In the velocity world, as discussed above, the forecast cannot be only about existing deals. If you want to forecast a quarter, you’ll need to include results from the high-funnel and planned demangen. I’d still call it a forecast, but I’d know that it’s not quite the same thing as a forecast in enterprise. And by presenting in the three layers above, you can remind everyone of that.

# # #


[1] Monthly-varying SaaS is a different concept, which I used in that post, featuring short contracts (e.g., month-to-month) where the spend can vary every month, usually as the result of a flexible user-based pricing model, a consumption-based pricing model, or a hybrid pricing model (e.g., base + overage).  In such environments, simple SaaS concepts like ARR can quickly lose meaning, as do the metrics that rely on them (e.g., CAC ratio).

[2] Which I think had its ancient origins in the idea that you win 33%, lose 33%, and 33% slip. (Thus assuming a 50% competitive win rate.) Regardless of its roots, 3x (starting) coverage is a widely accepted norm, so much so that I fear it’s often a self-fufilling prophecy.

[3] We’re ignoring the distribution of average sales cycle length for closed/won deals, its standard deviation, and the fact the three different outcomes (i.e., win, loss, slip) will likely have three different average opportunity cycle lengths (e.g., you usually lose faster than you win), each with its own distribution.
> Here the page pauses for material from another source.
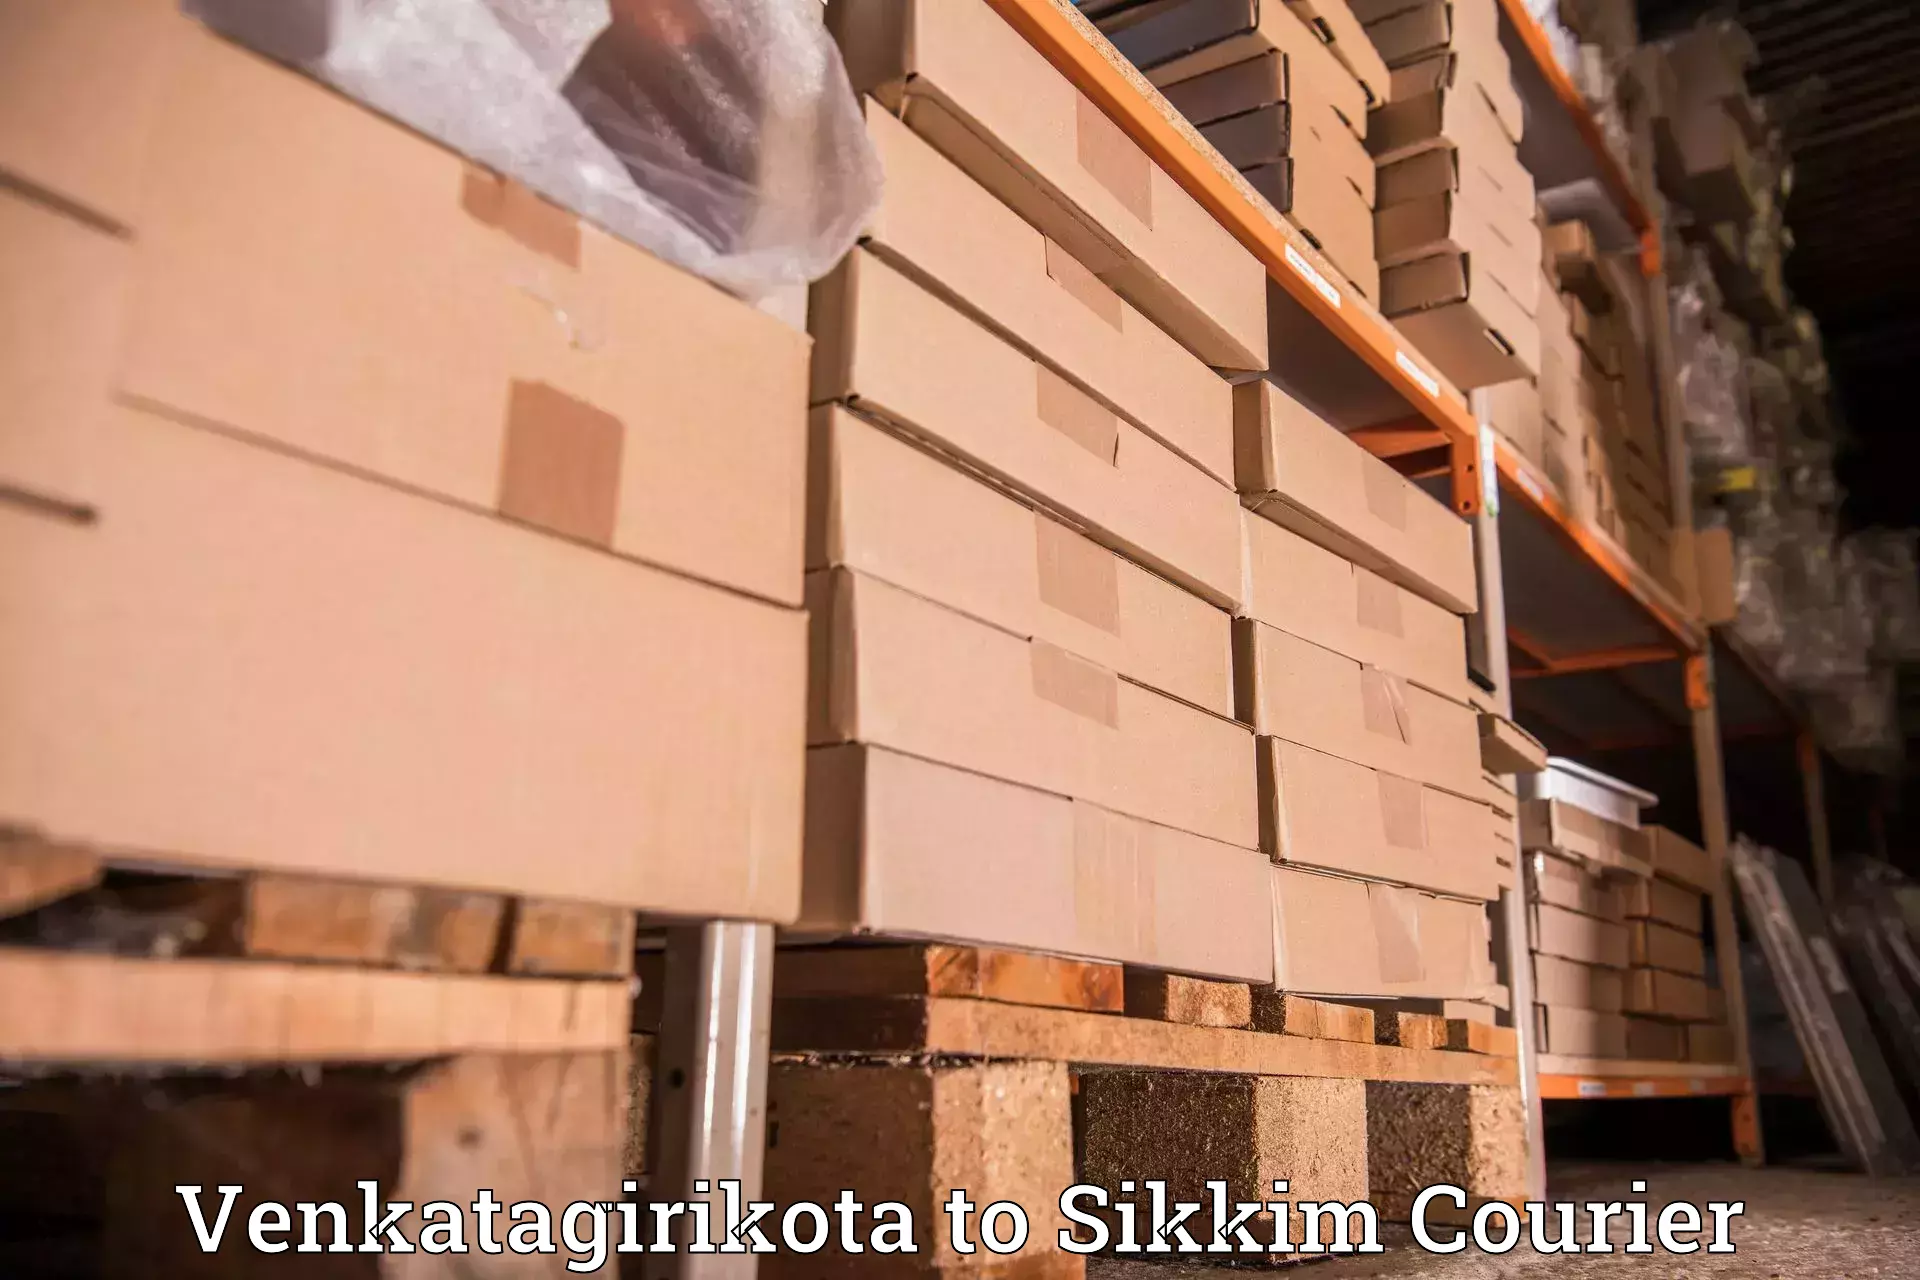 Reliable courier services Venkatagirikota to Ravangla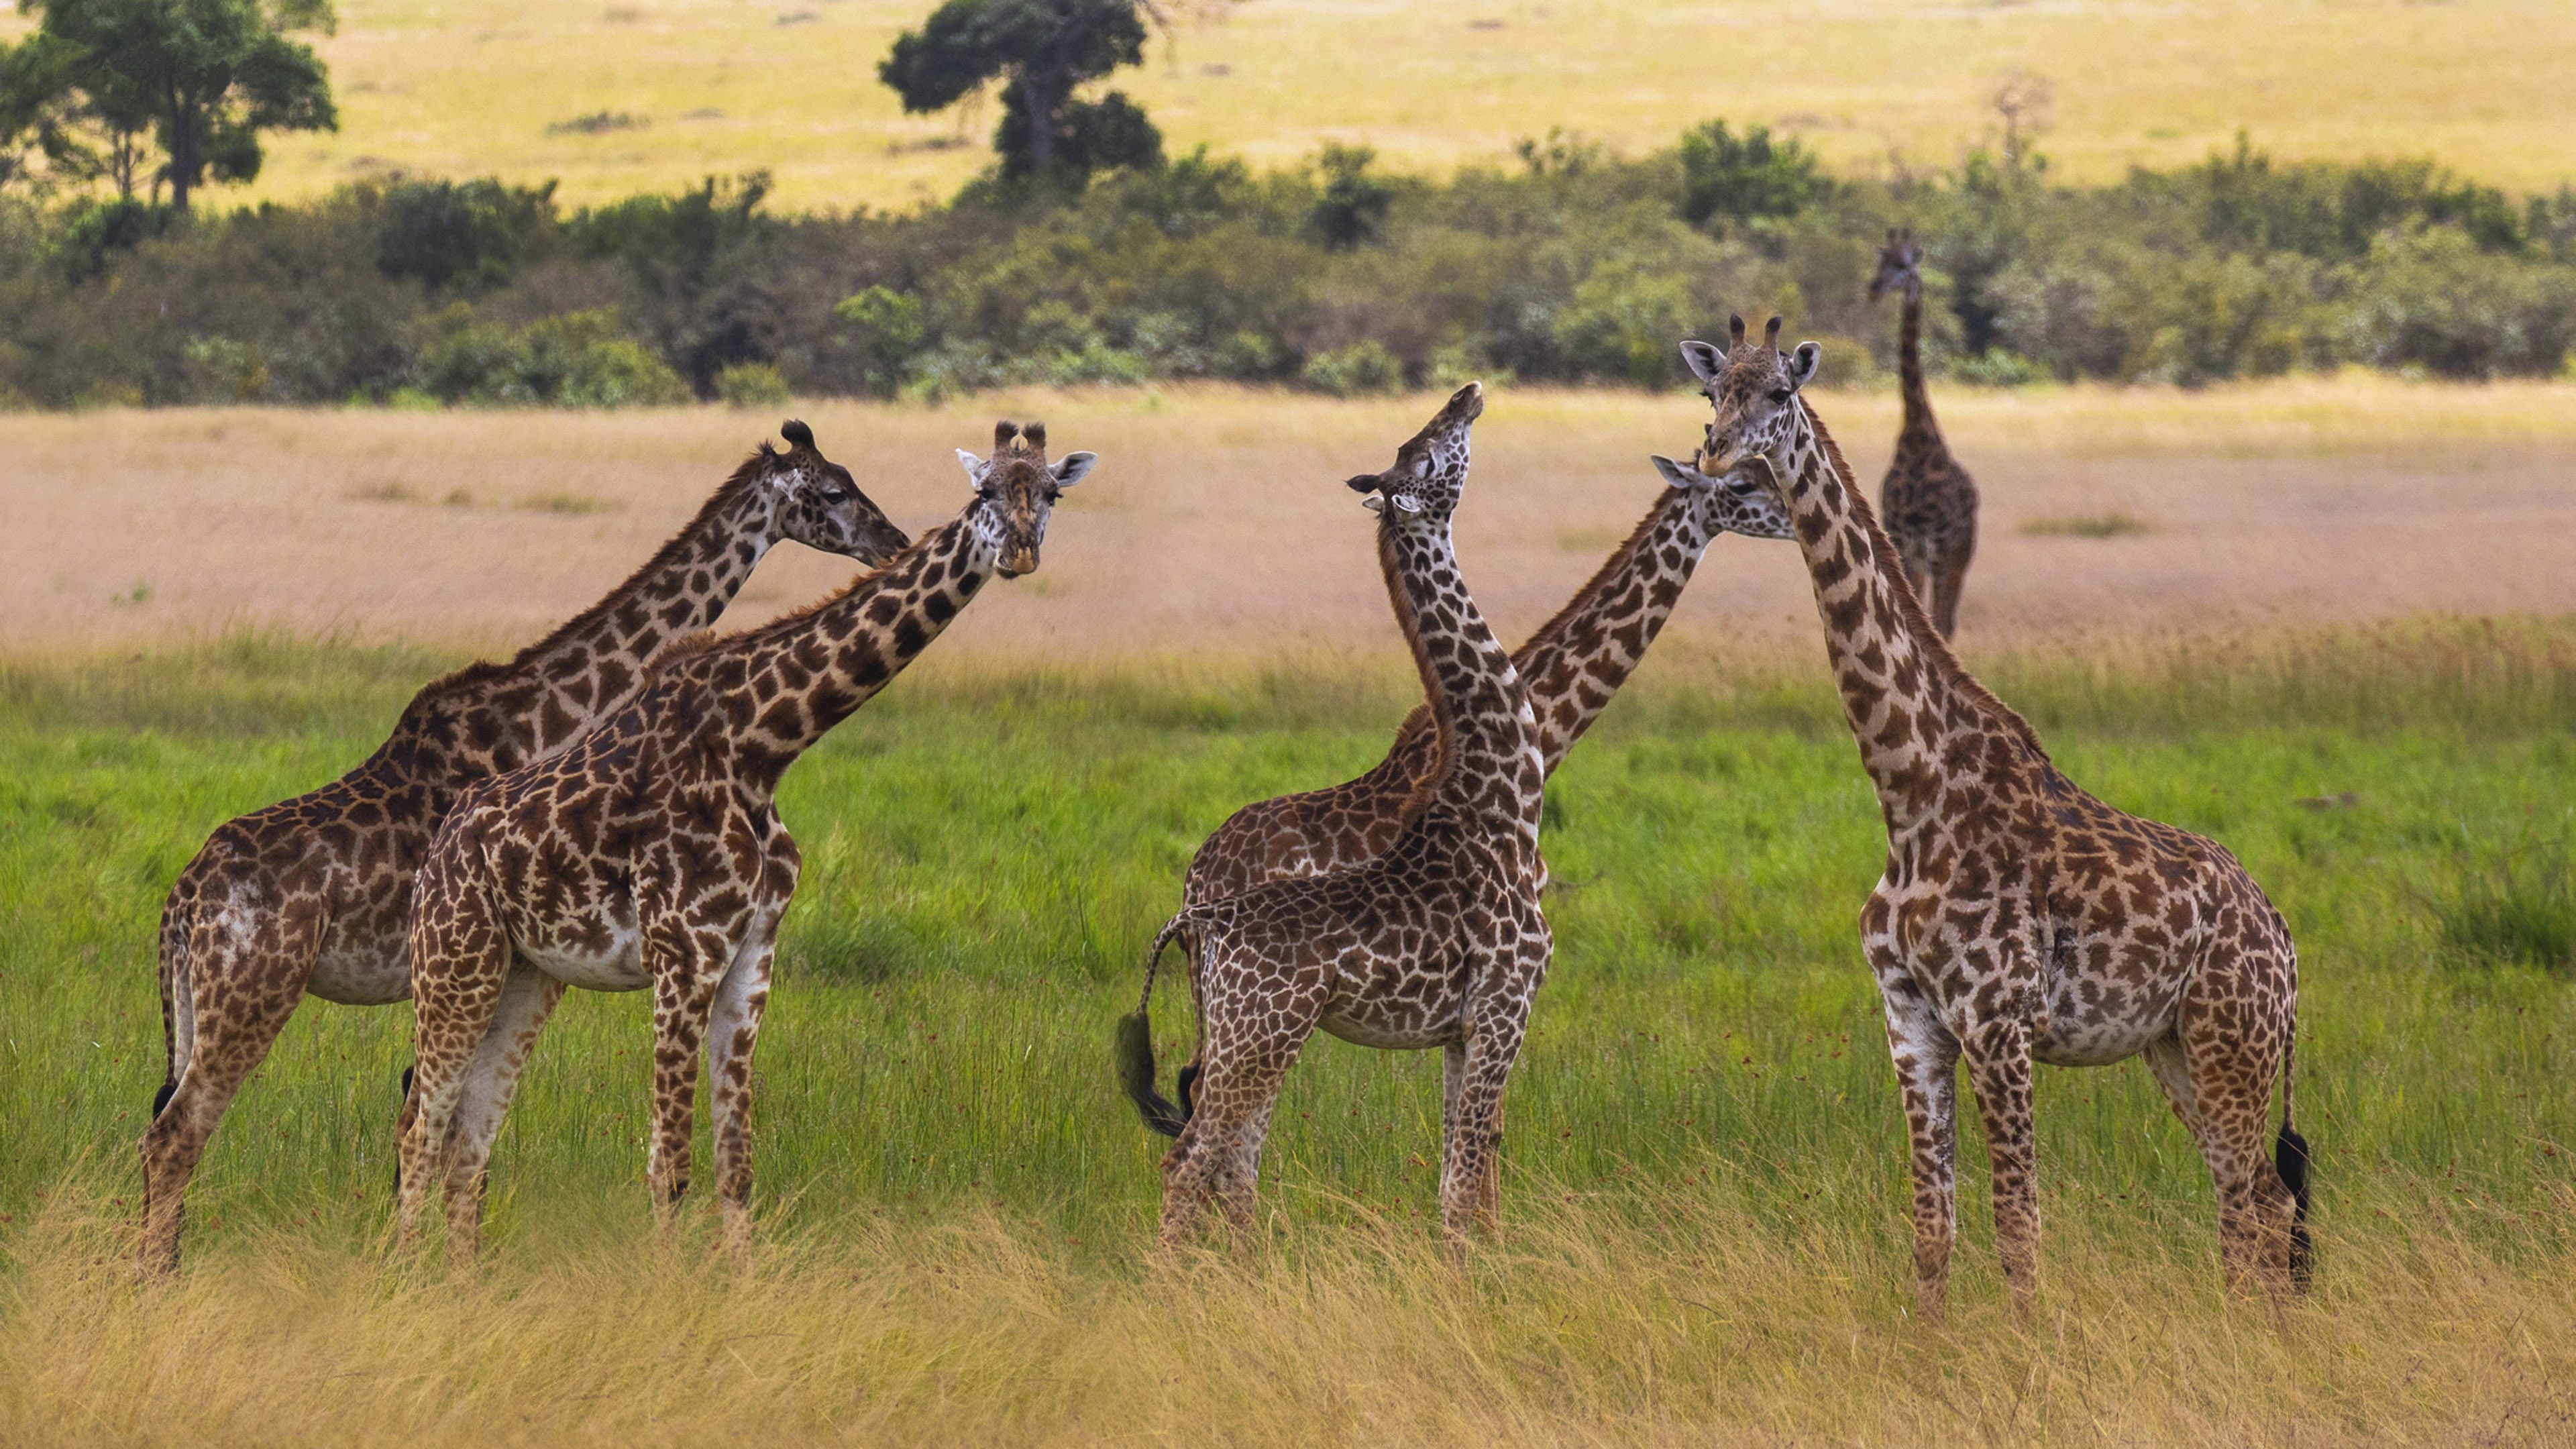 Giraffe African, Mammals ultra HD, Mobile phones, Laptop, 3840x2160 4K Desktop

[4] And, most unrealistically, that deals never slip to a subsequent period. We’re also assuming that all opportunities are generated on the first day of month, an exactly 30-day lag from MQL to opportunity, and that all MQLs are generated on the first day of month, and convert in exactly 30 days. (And, for the detail-oriented, that every month is 30 days.) Overall, with these simplifying assumptions, you start every month with only the opportunities generated from MQLs generated the prior month and only those opportunities. There is no leftover pipeline sloshing around to confuse things.

[5] The reality is likely somewhat less than 1.0x because we’d normally expected to some backloading (“linearity”) of the quarterly target across the months of the quarter.  In enterprise, that backloading is severe (e.g., most enterprise cash models assume a 10/20/70 distribution). In velocity SaaS, I’ve seen from 30/30/40 (i.e., pretty flat) to 10/20/70 (i.e., as backloaded as enterprise), typically reflecting a quarterly (as opposed to a monthly) sales cadence which is usually a mistake in a velocity model.

[6] To intelligently compare pipeline across quarters we need to fix a point in time to snapshot it. In enterprise, I prefer day one of week three because it’s early enough to take actions (e.g., reducing expenses), but late enough so sales can no longer credibly claim they need more time for pipeline cleanup (aka, scrubbing).

[7] In enterprise, this is a major sin because deal sizes vary significantly and values should be inserted only after discovery and price-point socialization (e.g., “you do know that this costs $150K?”)  In velocity, it’s a lesser sin because the deal sizes tend to be more similar.  Either way, if all we’re doing is counting opportunities and multiplying by a constant, then why not just admit it and count opportunities directly? The more sophisticated the proxy, the more I like it (e.g., using $10K for SMB, $25K for MM, and $75K for ENT).

[8] Technically, I’d say budget is a synonym for the financial part of the plan. That is, a budget is only one part of a plan. A plan would also include strategic goals, objectives for attaining them, and organization structure.